Molecular Biology for Structural Biology

Molecular Biology for Structural Biology

Chapter:
3 (p.45) Molecular Biology for Structural Biology
Source:
Crystallization of Nucleic Acids and Proteins
Author(s):

P. F. Berne

S. Doublié

Publisher:
Oxford University Press
DOI:10.1093/oso/9780199636792.003.0007

The number of published 3D structures has increased exponentially in the last decade and the resulting mass of structural data has contributed significantly to the understanding of mechanisms underlying the biology of living cells. However, these mechanisms are so complex that structural biologists face still greater challenges, such as the study of higher-order functional complexes. As an example, we can mention the protein complexes that assemble around activated growth factor receptors to allow the transduction of extracellular signals through the membrane and inside the cell (1). Because of their diverse intrinsic properties, proteins exhibit variable difficulty for structural biology studies. Before the rise of recombinant expression methods, only a minority of protein structures were determined, representing mainly favourable cases: proteins of high abundance in their natural source which could be purified and crystallized, in contrast to rare proteins that were often refractory to crystallization. The advent of methods for recombinant protein overexpression was a breakthrough in this area.
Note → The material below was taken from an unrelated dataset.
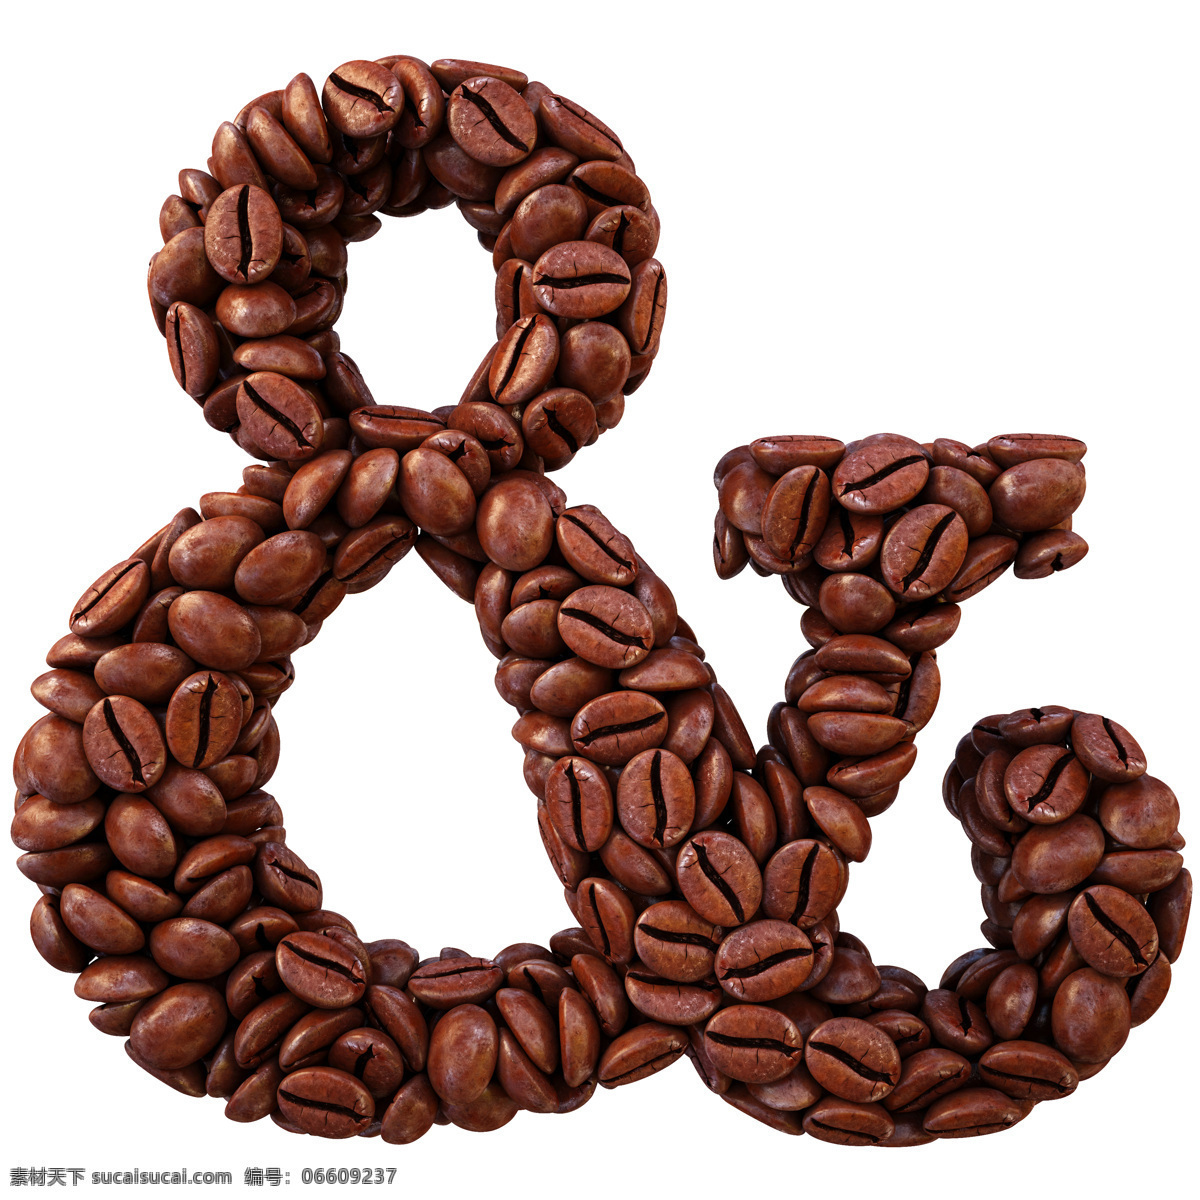 咖啡豆 组成 符号 amp 背景 书画文字 文化艺术
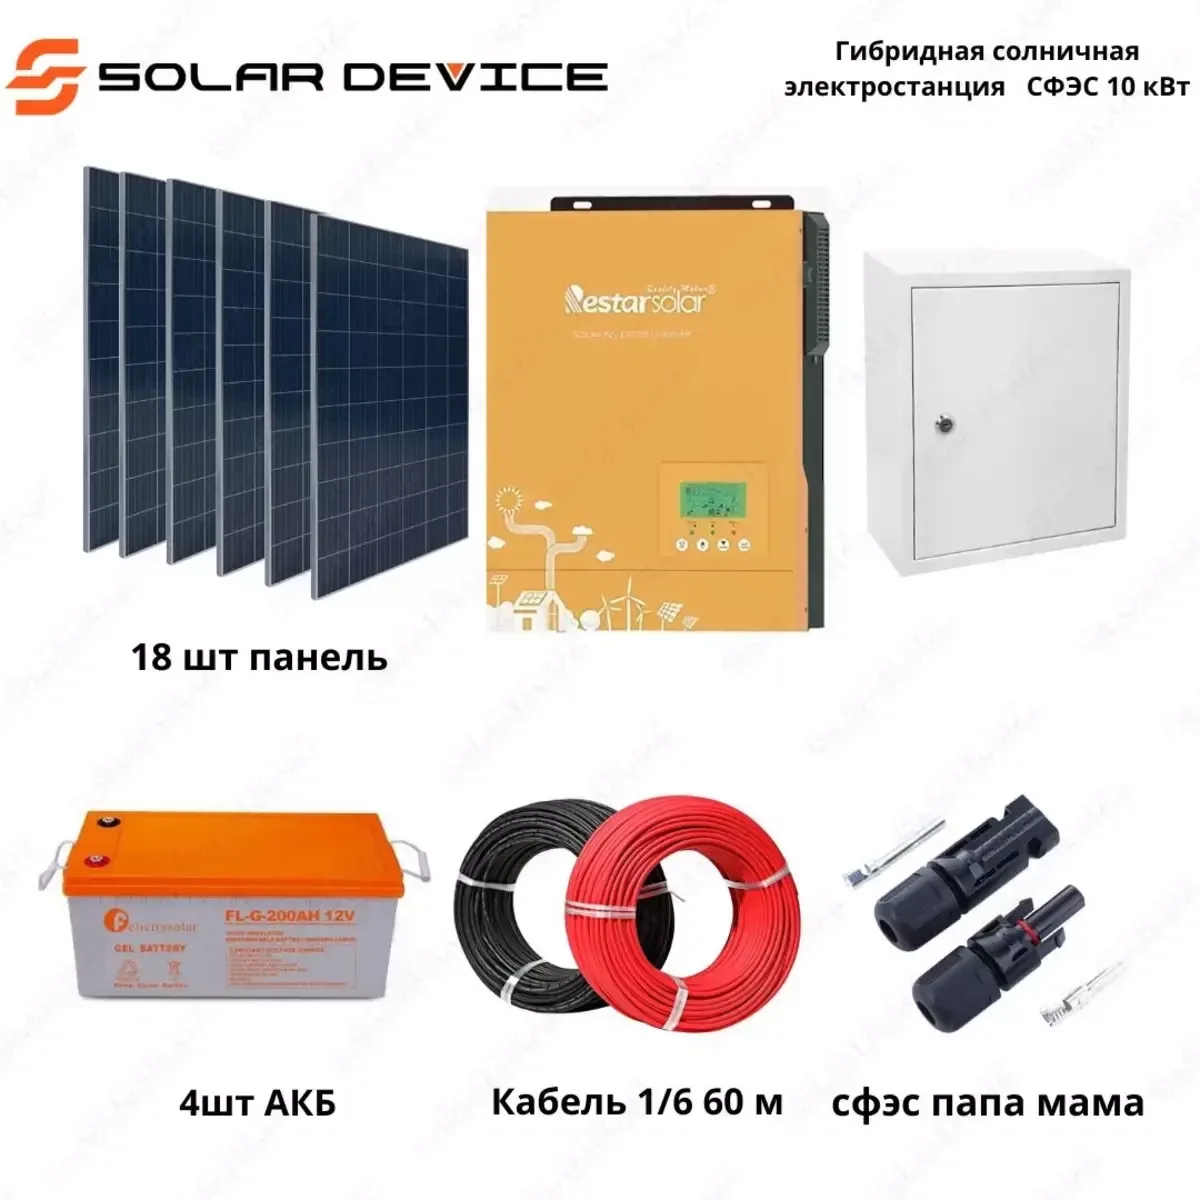 Гибридная солнечная электростанция "SOLAR" СФЭС (10 кВт)#1

It was followed by an increasing number of publications describing the crystallization of proteins, not under their native form, but in modified versions after sequence engineering. First we will consider the classical use of molecular biology applied to optimize the expression system for a recombinant protein for structural biology, without modification of its sequence. In the second part, we will deal with molecular biology procedures aimed at engineering the properties of a protein through sequence modifications in order to make its crystallization possible. In the last part we will give an example where molecular biology can help solve a crystallographic problem, namely that of phase determination by introducing anomalous scatterers (e.g. selenium atoms) into the protein of interest. Whenever extraction of a protein from its natural source appears unsuitable for structural studies, molecular biology resources can be brought in, initially aiming at choosing and setting up an appropriate expression system. This initial approach could involve comparing various expression hosts and vectors and deciding if the protein is to be produced as a fusion to facilitate its purification.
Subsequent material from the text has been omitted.